« Quelle autorité instruira cette alerte ? » C’est avec un trait d’amère ironie que Denis Zmirou-Navier conclut le courrier qu’il a adressé, lundi 4 novembre, à plusieurs associations de défense de l’environnement et de la santé publique. Le président de la Commission nationale de la déontologie et des alertes en matière de santé publique et d’environnement (CNDASPE), théoriquement chargée d’instruire les signalements de lanceurs d’alerte, lance lui-même l’alerte sur la situation de l’institution qu’il préside depuis huit ans. Ce professeur de santé publique estime que la CNDASPE – connue pour sa liberté de ton et d’action – a « perdu son indépendance », ses missions ayant été « unilatéralement rognées » par son autorité de tutelle, le ministère de la transition écologique.
En cause, la capacité de la commission à recueillir des informations confidentielles et à garantir l’anonymat des lanceurs d’alerte. Selon M. Zmirou-Navier, « la CNDASPE ne peut plus recevoir ni saisine ni signalement via sa plateforme en ligne », désactivée à l’été 2024 par l’administration. « Après plusieurs messages de protestation, j’ai formellement annoncé lors de notre réunion plénière du 17 octobre que, à défaut de réactivation de notre outil de télédéclaration et modification des pages indûment altérées avant fin octobre, je lançais une alerte publique », explique-t-il.
Pour l’administration, cette mise hors ligne de la plateforme de signalement est rendue nécessaire par « la récente réforme européenne et la loi dite Waserman » de 2022 sur les lanceurs d’alerte, dont le décret d’application liste les autorités habilitées à traiter les alertes. « Depuis lors, explique-t-on au ministère de la transition écologique, la CNDASPE ne fait plus partie des autorités habilitées à recevoir les signalements des lanceurs d’alerte. » Le ministère confirme ainsi que le système de recueil des alertes a « effectivement été substitué par des liens vers les autorités compétentes et, ce, après de multiples échanges sur le sujet ».
« Une atteinte à la liberté d’expression »

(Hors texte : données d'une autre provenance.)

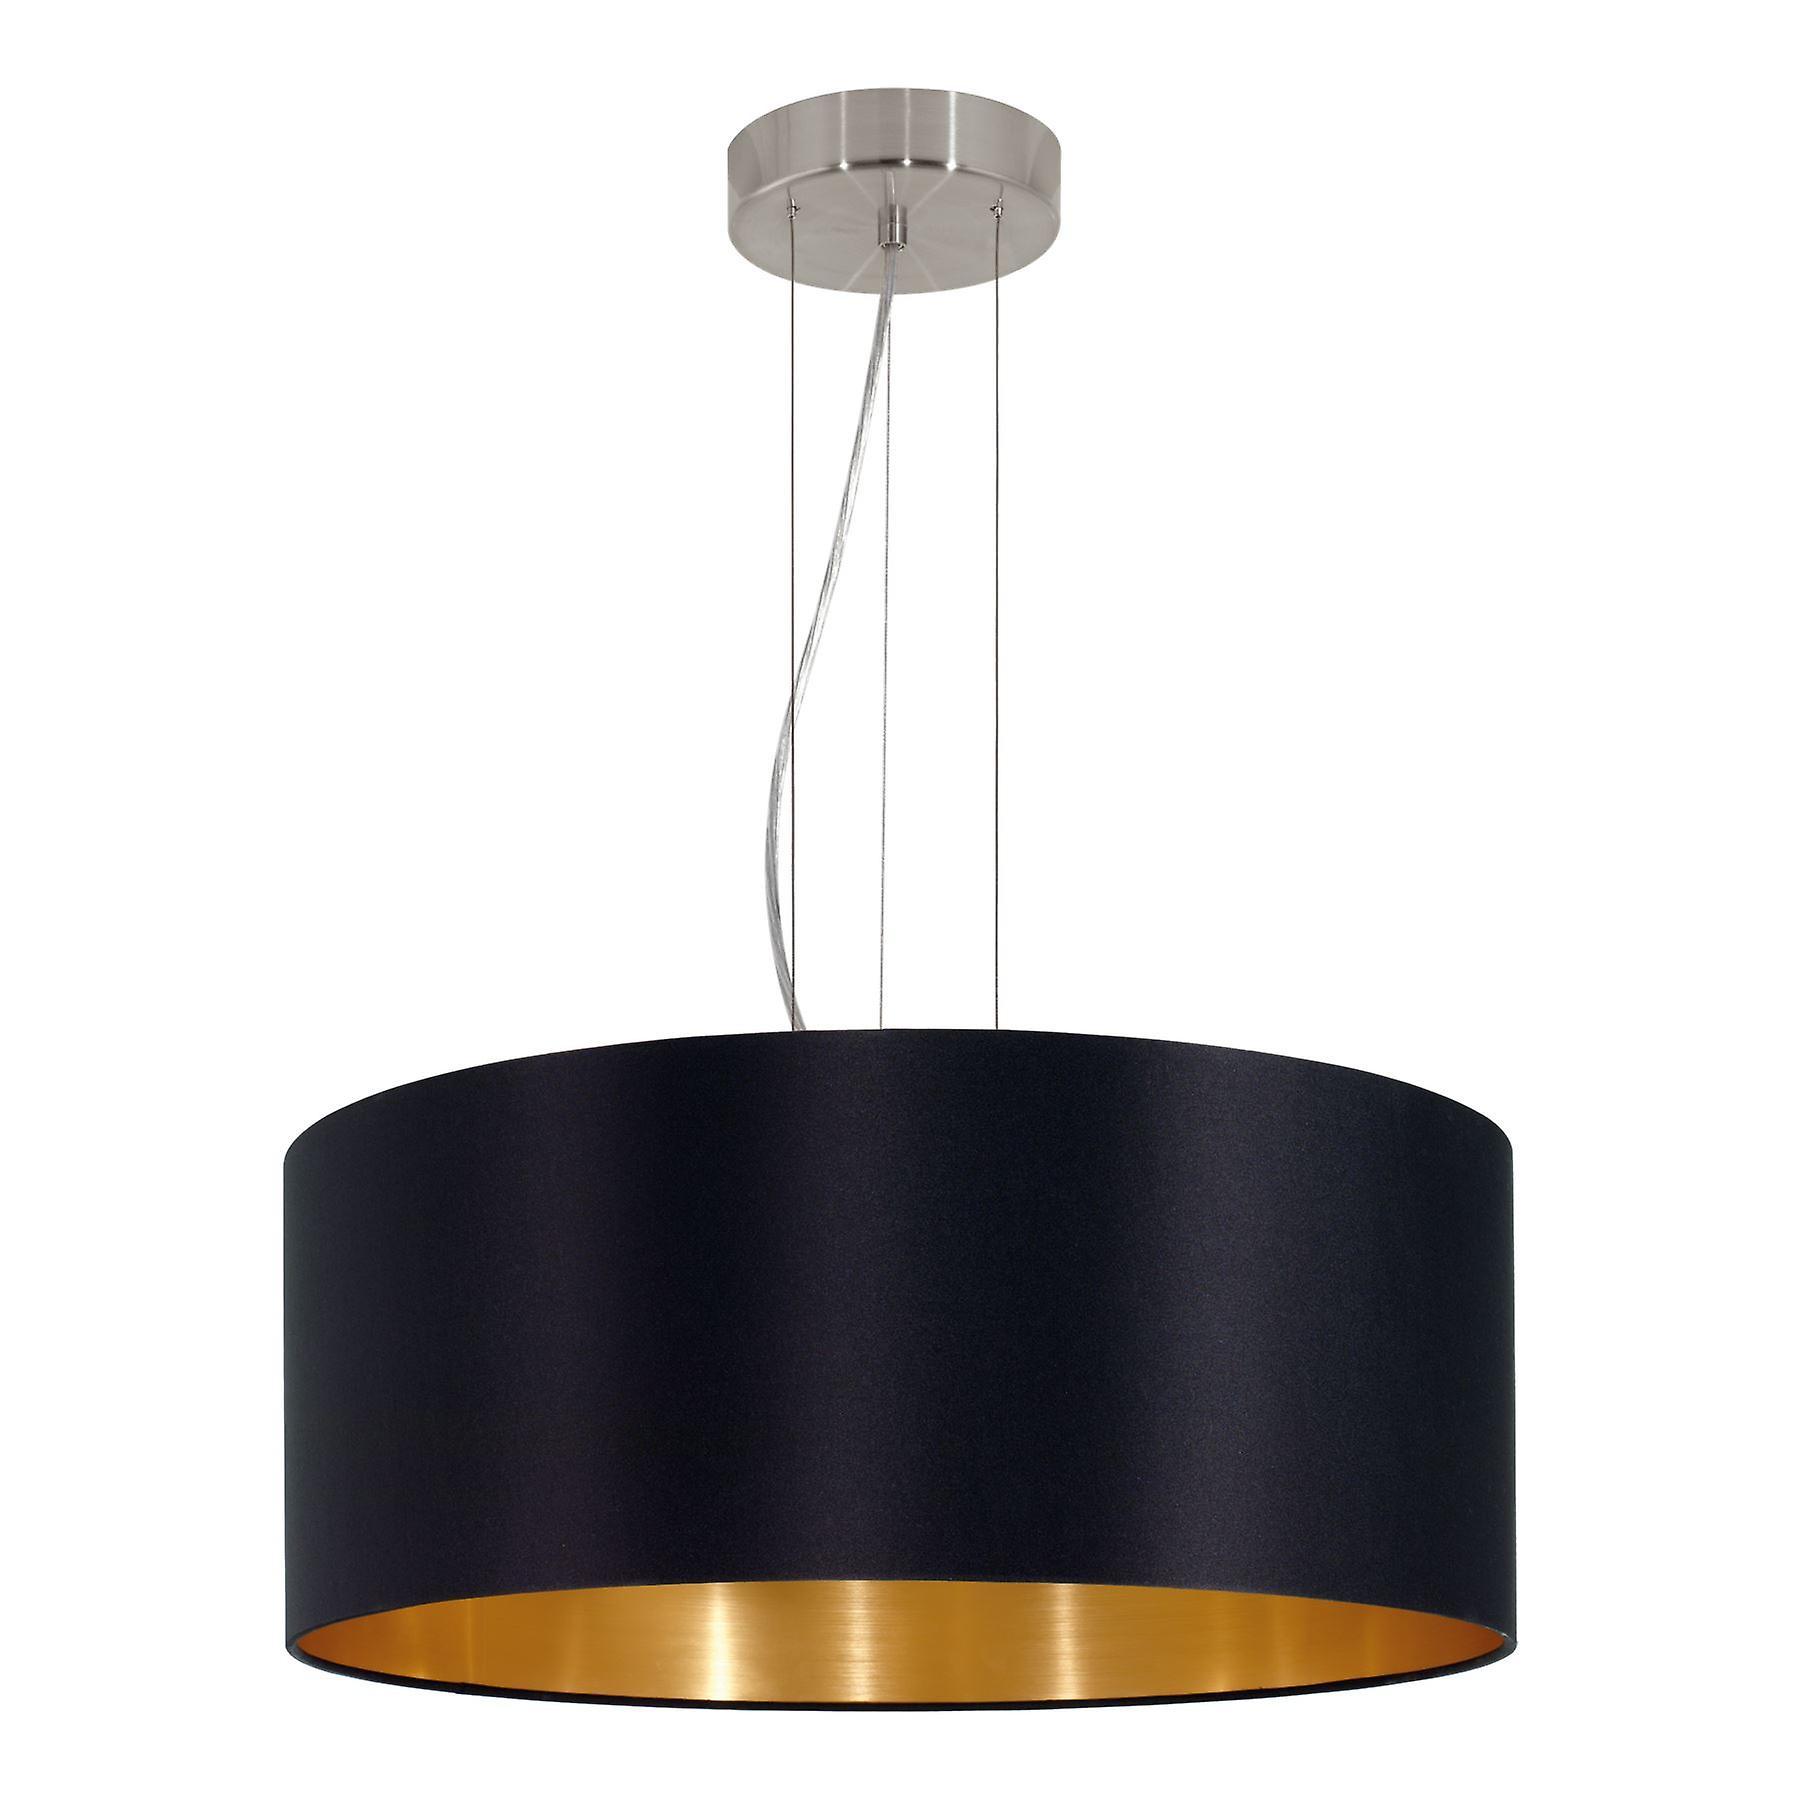 Eglo - Maserlo 3 lumière pendentif Ceiling lumière Satin Nickel noir EG31605

Pour le ministère, ce nouveau fonctionnement permet « une saisine au plus tôt », auprès de « la bonne autorité ». Pour les questions d’environnement, celle-ci est l’inspection générale de l’environnement et du développement durable (IGEDD). Pour les sujets de santé publique, ce peut être l’Agence nationale de sécurité sanitaire de l’alimentation, de l’environnement et du travail (Anses), la Haute Autorité de santé (HAS) ou encore le Conseil de l’ordre des médecins, etc.